ATTENUATION: the reduction of the amplitude of a signal, electric current, or other oscillation.
This electronic filter is a special case of a second-order unity gain filter version of the voltage-controlled voltage-source (VCVS) topology.
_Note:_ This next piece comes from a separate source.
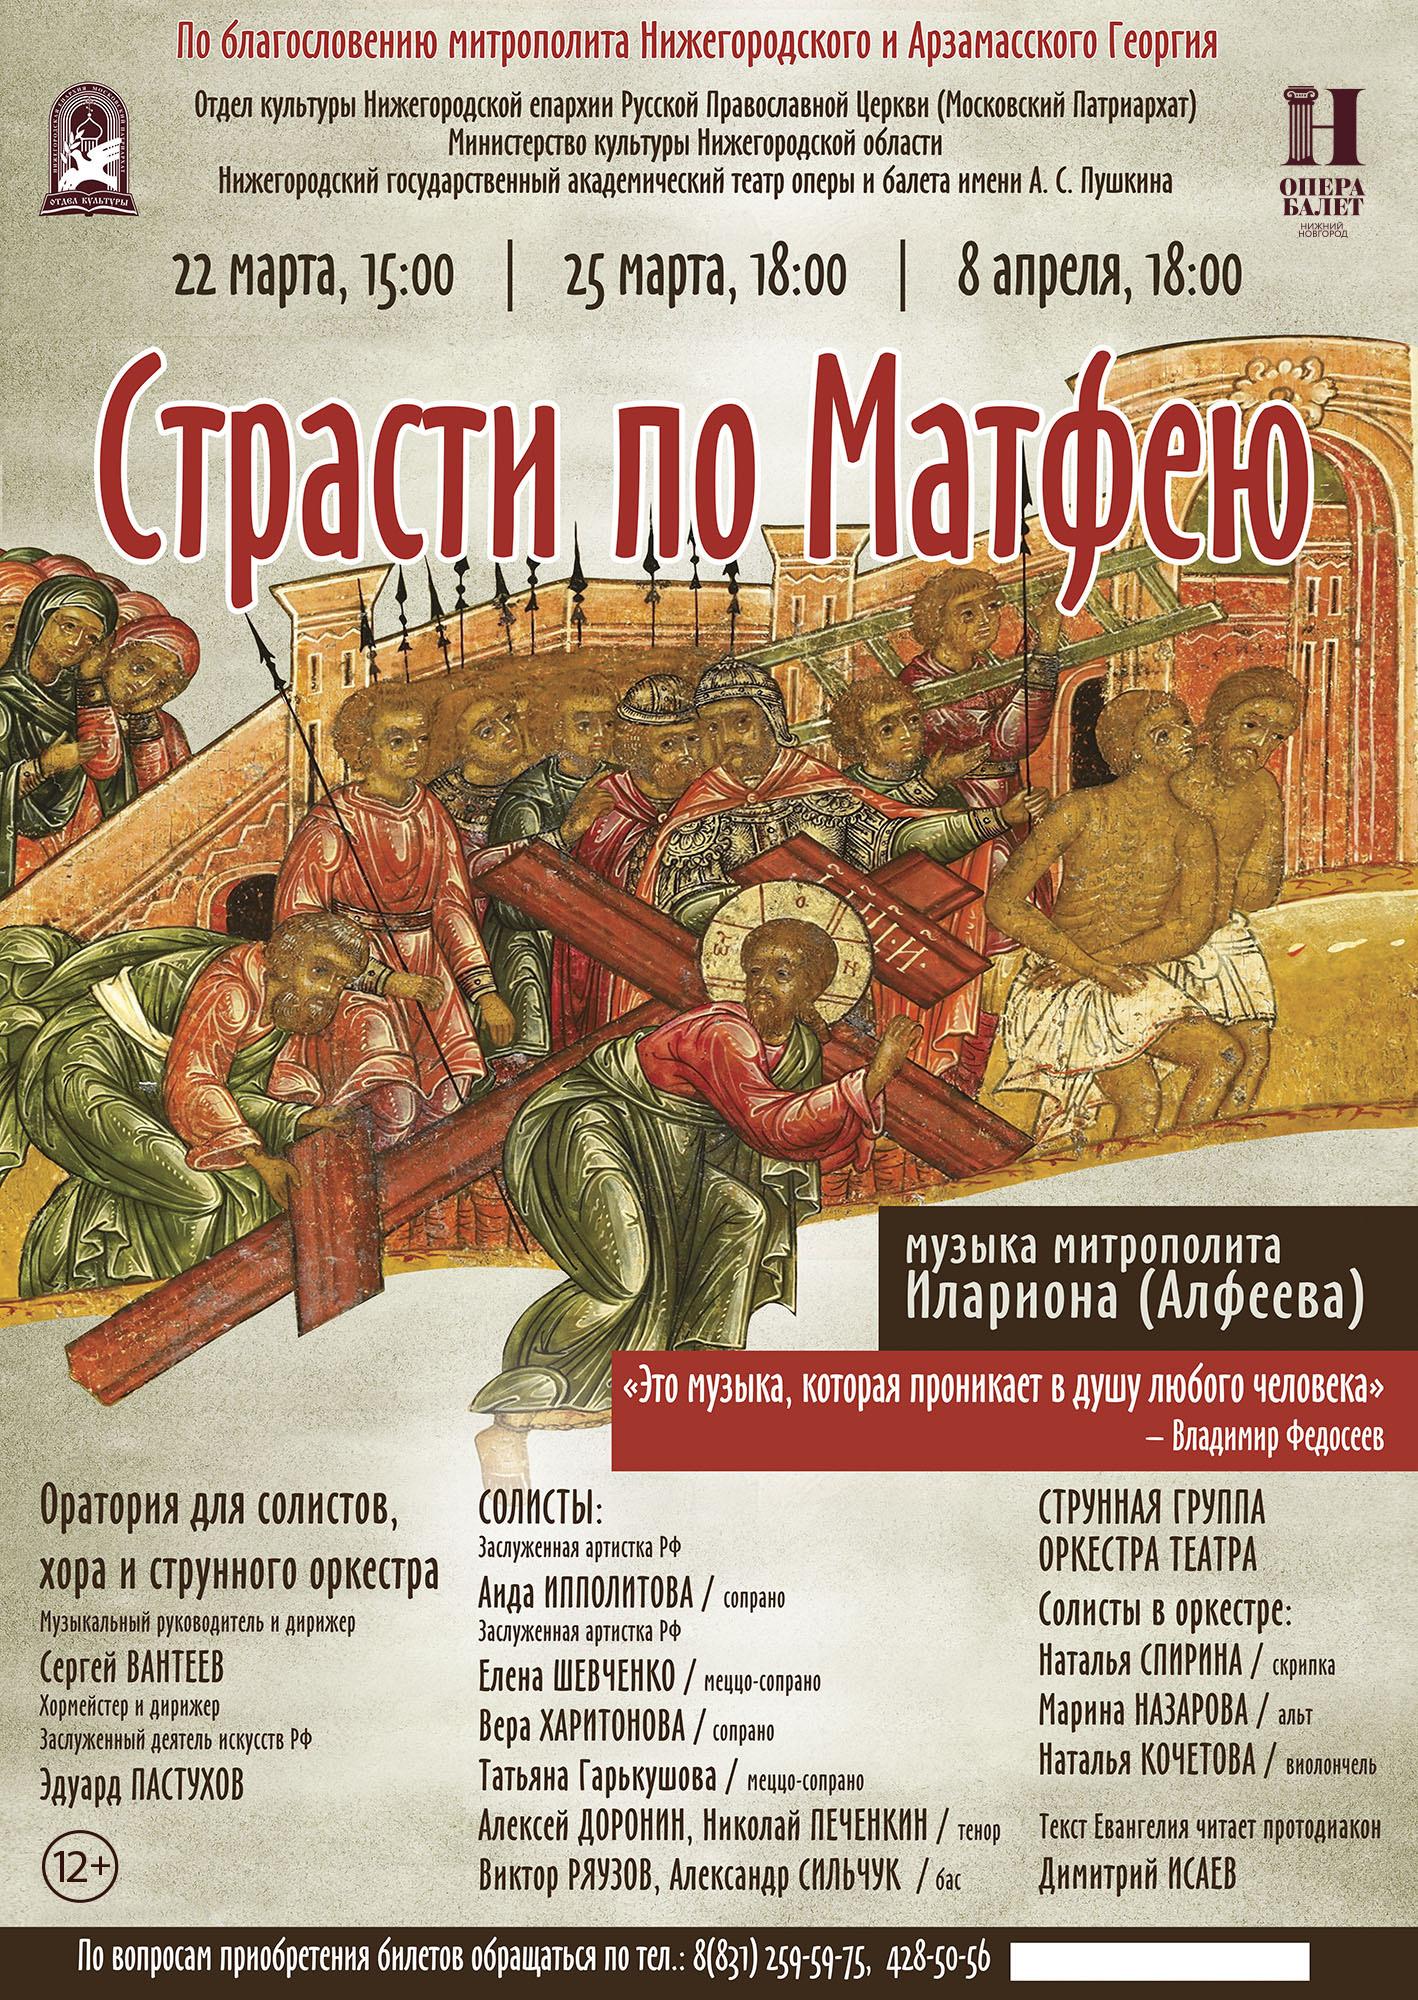 Оратория «Страсти по Матфею» прозвучит в городах Серафимовой земли в дни Великого поста

We derive the equation as follows using s for seconds:
eq 1: `V_x = i_"C2" * R_2 + V_"out"`
eq 2: `V_x = V_"out" * R_2 * C_2 *s + V_"out"`
eq 3: `V_x = V_"out" (R_2 * C_2 *s +1)`
Next look at the sum of currents at `V_1`:
eq 4: `i_"C2" = i_"C1" + i_"R1"`
eq 5: `V_"out"/(1/(s*C_2)) = (V_"in" - V_x)/R_1 + (V_"out" -V_x) / (1/(s*C_1))`
eq 6 : `s*R_1*C_2* V_"out" = V_"in" - V_x + s*R_1*C_1* (V_"out" - V_x)`
Substituting for `V_x` using eq 3 and rearranging eq 6:
eq 7: `s* R_1 *C_2* V_"out" = V_"in" - V_"out"(R_2* C_2*s +1) + s*R_1*C_1*V_"out" - s*R_1*C_1 (R_2*C_2 *s +1) *V_"out"`
Rearranging so all terms with a factor of `V_"out"` are on the left:
eq 8: `V_"out" * [(s*R_1*C_2) + (s* R_2*C_2 +1) + (s*R_1*C_1 (s*R_2*C_2 +1)) - (s*R_1*C_1)] = V_"in"`
Now rearranging eq 8:
eq 9: `V_"out" [ (s^2 *R_1*R_2*C_1*C_2) +s (R_1*C_2 +R_2*C_2) + 1 ] = V_"in"`
Defining `V_"out"/V_"in"` to be out transfer function H(s)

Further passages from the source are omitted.